Isto exige uma reflexão/ avaliação constantes que se verificou que é feita no caso apresentado, uma demonstração/ apresentação de estratégias que também acontecem e, ainda, uma partilha, apoio e orientação contínuos presentes nos discursos das entrevistadas.
Analisando globalmente os resultados deste estudo, verifica-se que as práticas dos profissionais de I.P. não se distanciam das representações das famílias sobre essas mesmas práticas, na maioria das respostas, podendo dizer-se, a partir do discurso das práticas e representações, que estamos perante uma profissional de I.P. experiente, com formação adequada, que adota na sua prática o saber-saber, saber-fazer e saber-ser, que centra a sua ação na família com tudo o que esta implica e que tem a noção das dificuldades que assolam a I.P., reconhecendo que a família está satisfeita com o seu trabalho.
Embora neste estudo se tenha abordado uma profissional com formação adequada, a literatura sugere que a preparação adequada de um número suficiente de profissionais para trabalharem em I.P. é o maior desafio que a atual legislação coloca (CARVALHO, 2011). As práticas muito diversificadas existentes a nível nacional (RAFAEL; PISCALHO, 2016), tornam difícil avaliar o grau em que respeitam as práticas recomendadas internacionalmente (GRONITA ET AL., 2011).

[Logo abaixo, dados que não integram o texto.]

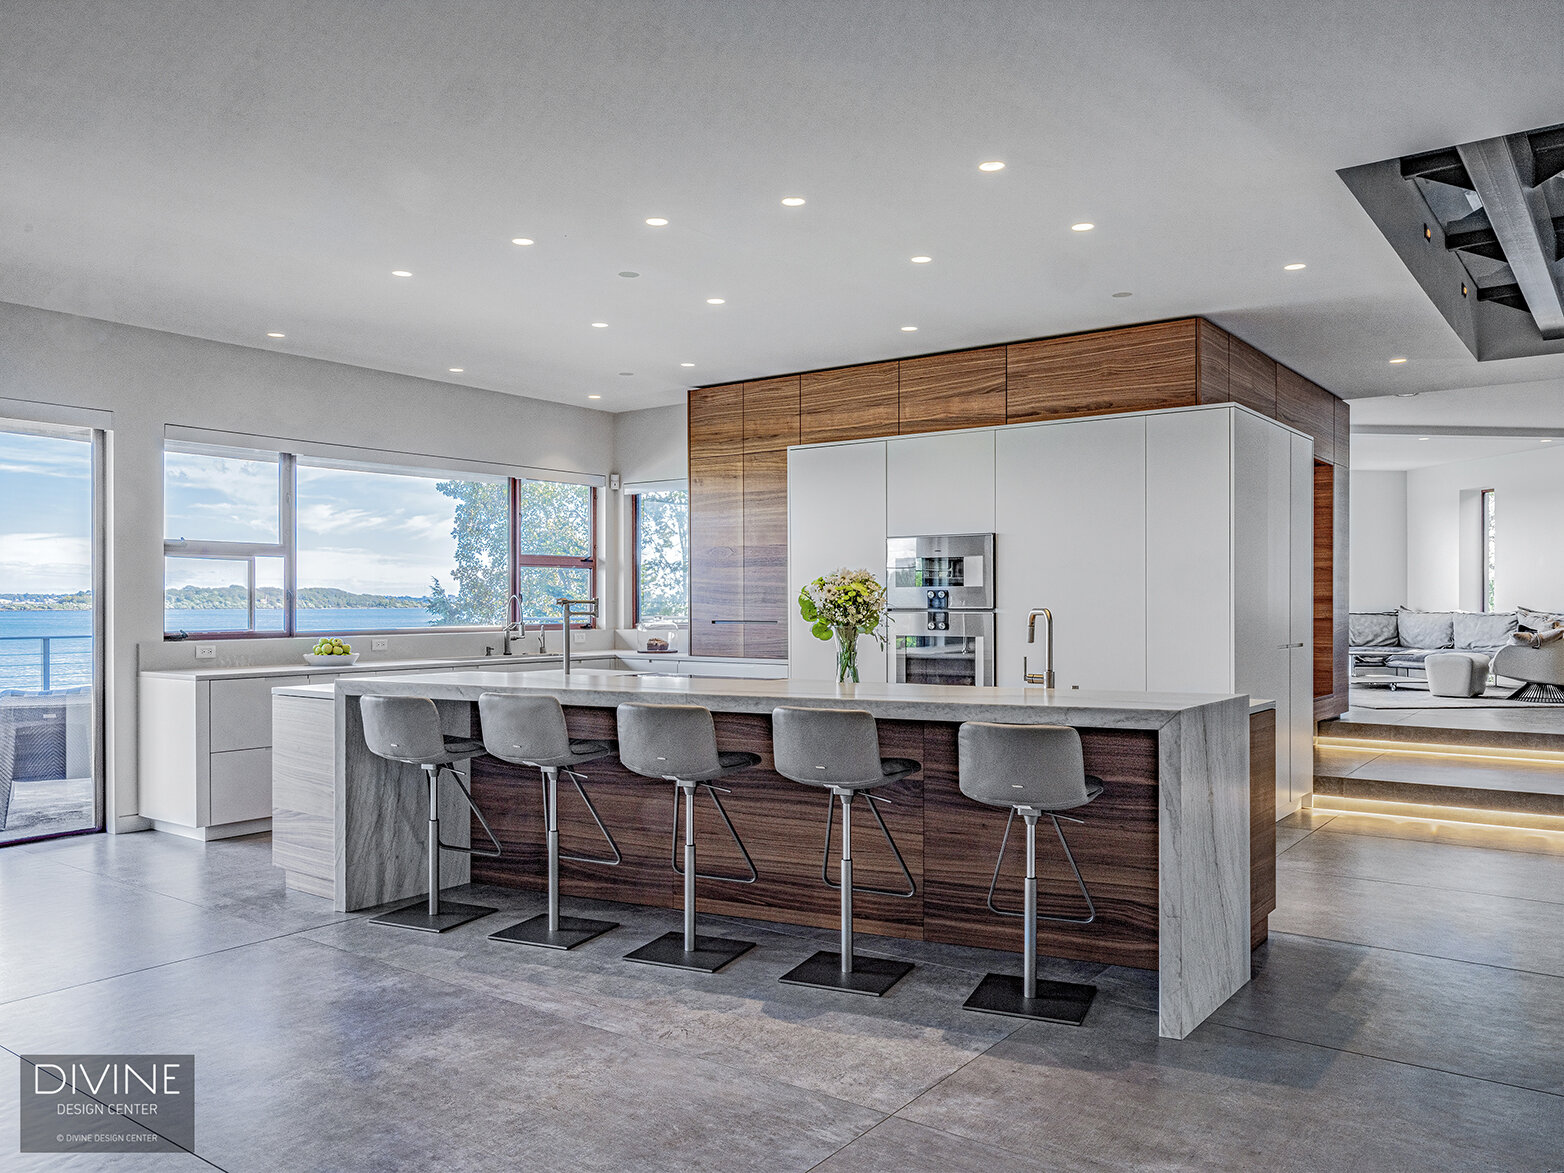  Modern, Leicht kitchen with an extra large, waterfall kitchen island sitting five. A calacatta marble island top pairs with a walnut toe kick and walnut accents throughout the space. High gloss, white paneled kitchen cabinets hide the refrigerator a
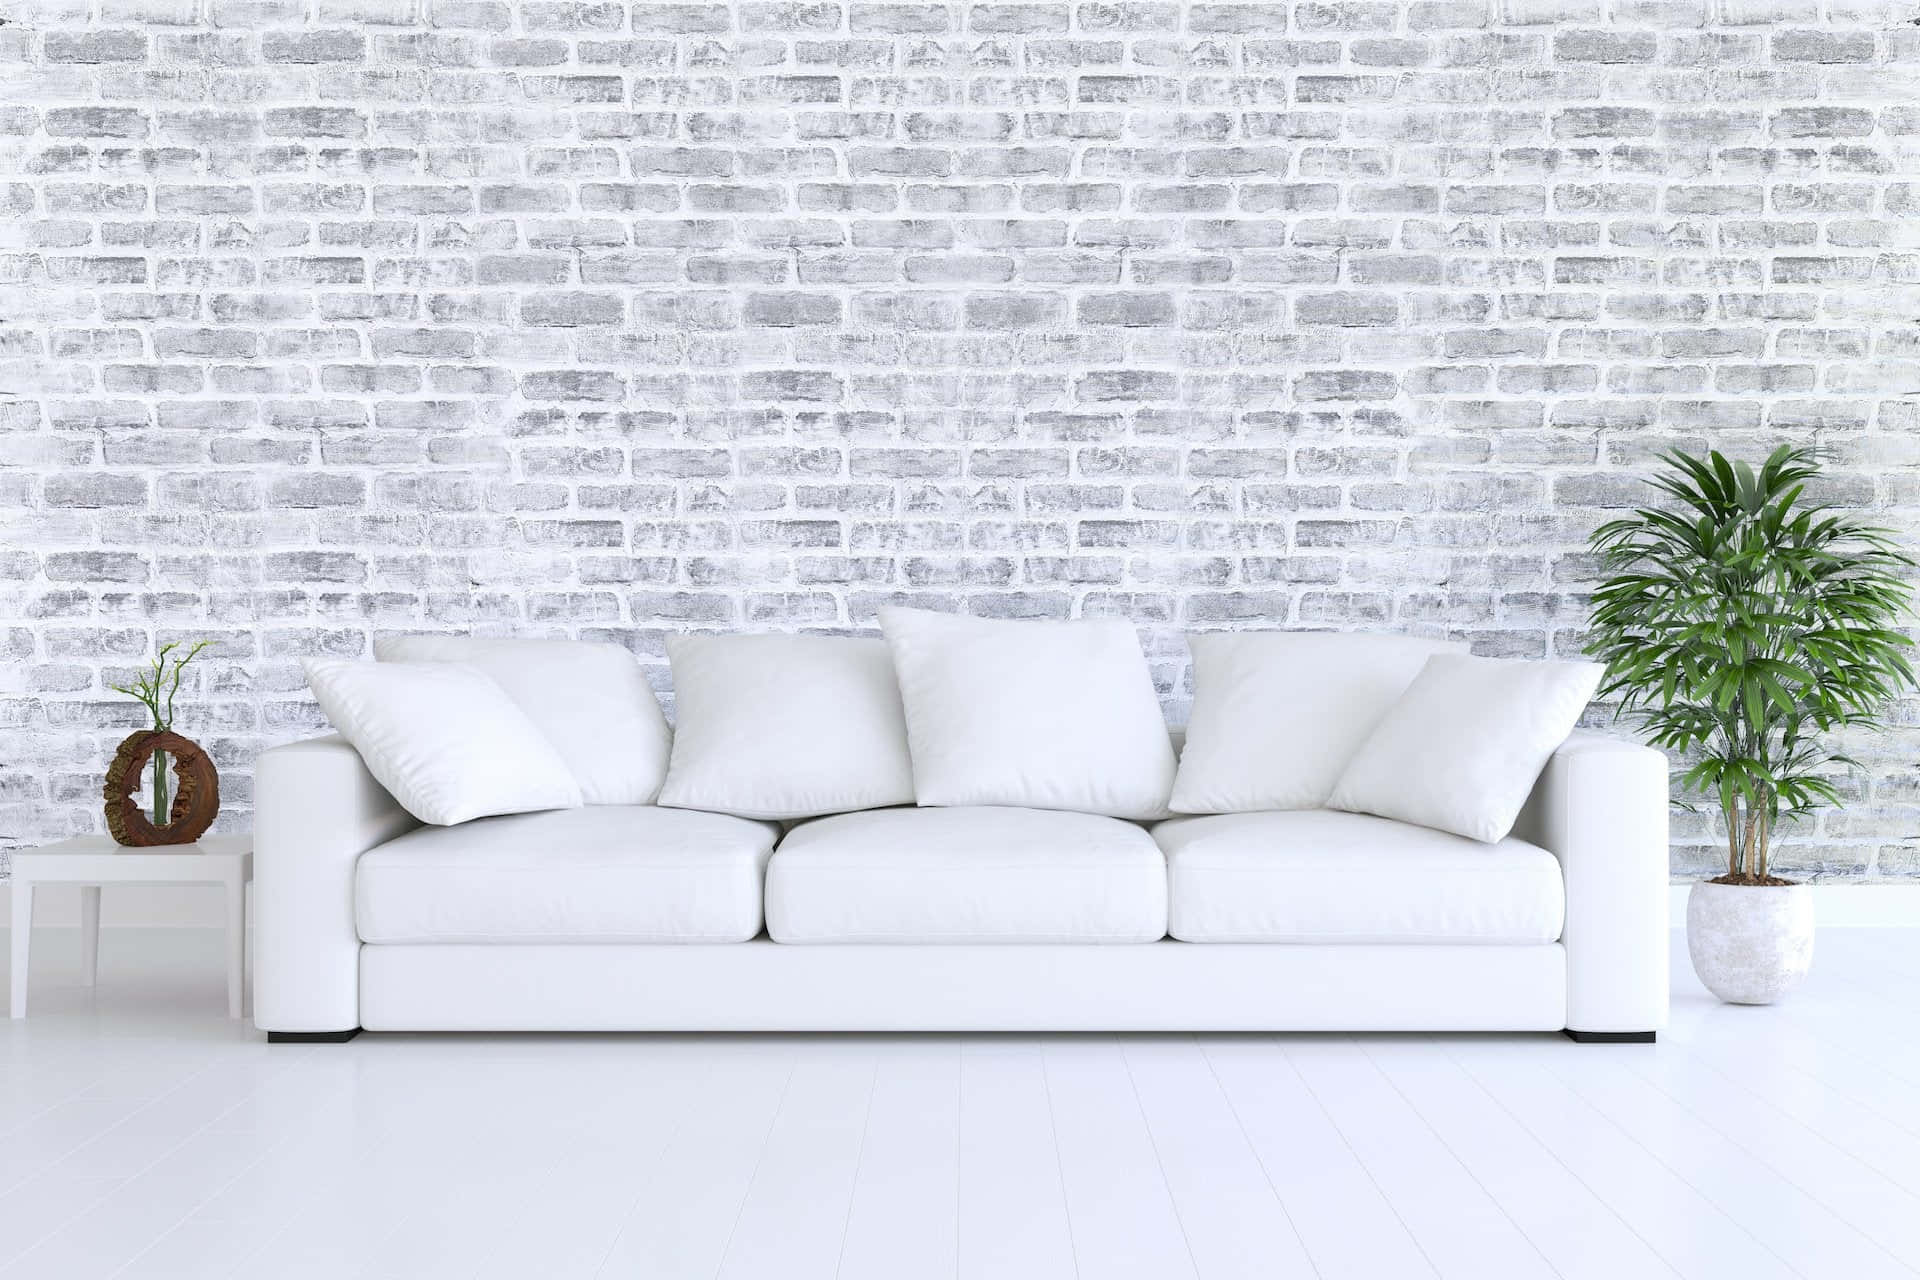 White Couch In Front Of A Brick Wall

Para terminar, acrescenta-se que, apesar das respostas da família e da profissional de I.P. que participaram neste estudo não serem representativas do conjunto de profissionais e famílias do nosso país, espera-se que estes resultados possam servir de referência na análise das práticas desenvolvidas noutros contextos, contribuindo para uma melhor compreensão dos aspetos positivos e negativos dessas mesmas práticas e, claro, para a promoção da qualidade da I.P.